Further administrative modernisation
In terms of administration, the Bills seek to build on the successful modernisation efforts achieved by South African Revenue Service (SARS) last year. The Bills eliminate burdensome administration that inhibit e-filing, such as the requirement to attach paper versions of supporting documents. The Bills also seek to ensure the proper operation of the Pay As You Earn (PAYE) system so that employees can receive their assessments in a timely fashion with minimal complication.
Another important but related matter is the issue of administrative penalties. The Bills set the process in motion for a more transparent set of penalties that can be evenly applied to all taxpayers. Transparent penalty criteria will give taxpayers comfort that they can come forward if they err – all the while facing a certain, yet reasonable response.
Closure of anti-avoidance schemes
Although the first set of annual tax bills is generally designed solely for rates, thresholds and other straightforward matters, urgent closure of tax avoidance schemes remains an unfortunate but necessary priority. This closure is important if we are to maintain the necessary ingredient of a broad base to facilitate low rates.

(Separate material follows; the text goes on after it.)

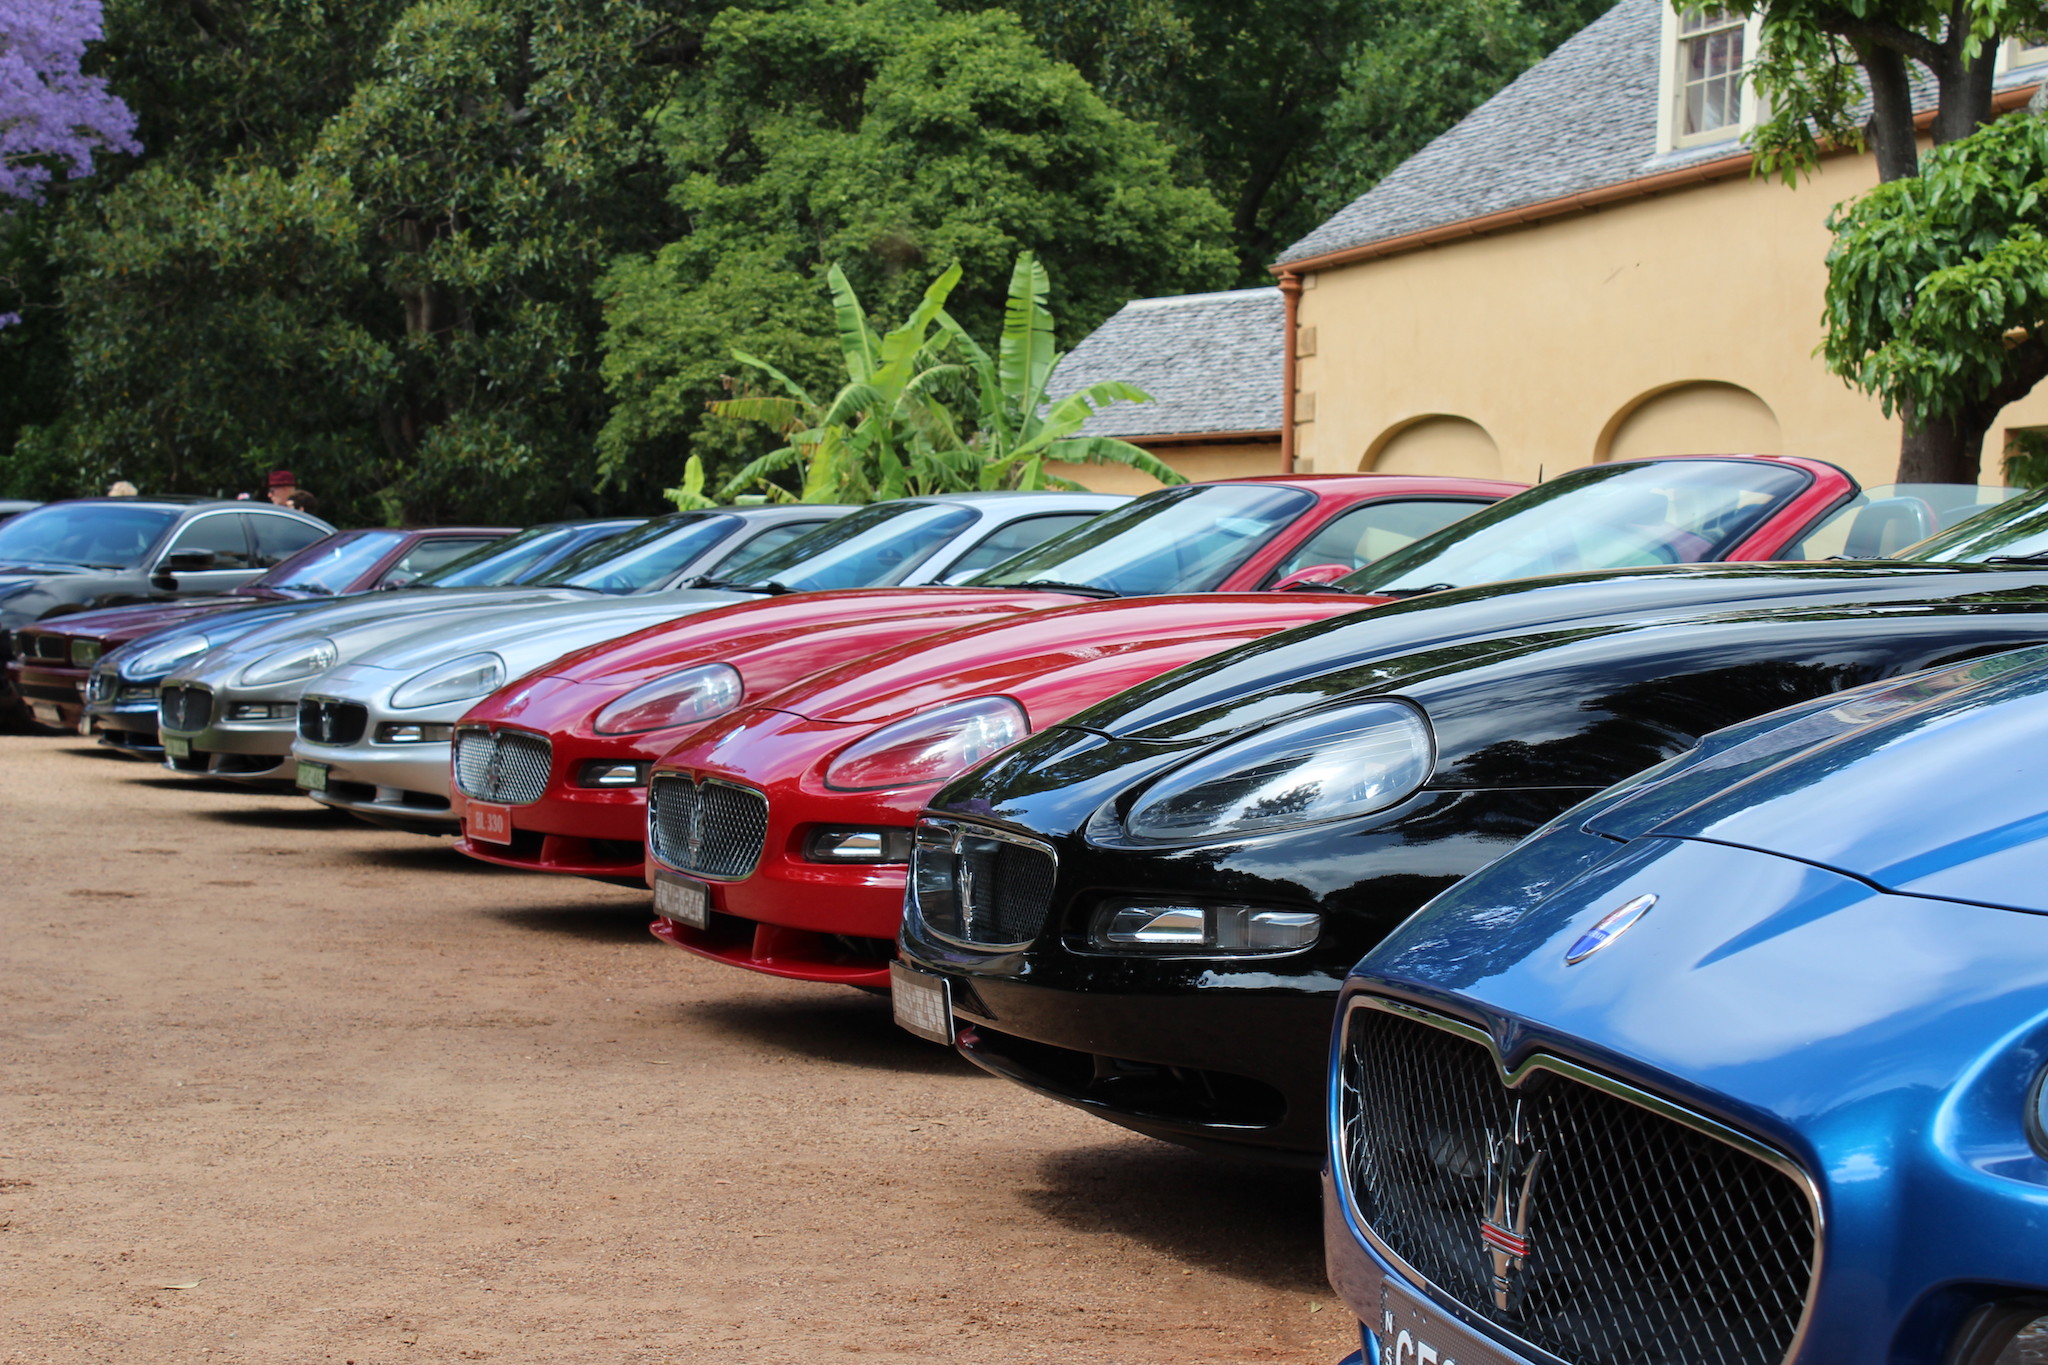 Annual Picnic and Concours d’Elegance

The most notable target of concern was the misuse of the corporate intra-group rollover regime. Although this regime was intended solely as a mechanism for deferring taxable gains when a group of companies passes assets from one group member to another, certain manipulated schemes achieved a whole lot more. In these schemes, deferral became outright exemption, thereby allowing group companies to be sold to independent parties wholly free from tax. It is worth noting that some private equity stakeholders played a central (but by no means exclusive) role in this arena.
At the end of the day, our approach has been to be "tough but fair." After fully taking into account all comments received, we chose a course that fully closed the loopholes of concern without undermining legitimate commercial transactions.
One final note worth mentioning is another avoidance scheme uncovered during the informal hearings process. In these schemes, legitimate and important commercial transactions such as black empowerment economics (BEE) are used to generate artificial deductions through excessive financing. Whilst we do not wish to hinder transactions necessary for our economy, we again cannot sit idle while legitimate transactions are used as a masquerade for tax avoidance. In order to remedy this newly uncovered concern, a media statement will shortly be released in this regard.
I would like to thank Chairman Nhlanhla Nene and the members of the Portfolio Committees for their valuable role in the process. The Committee's intervention helped bring some very important facts to light. On that note, Madame Speaker, I hereby table the "Taxation Laws Amendment Bills, 2008."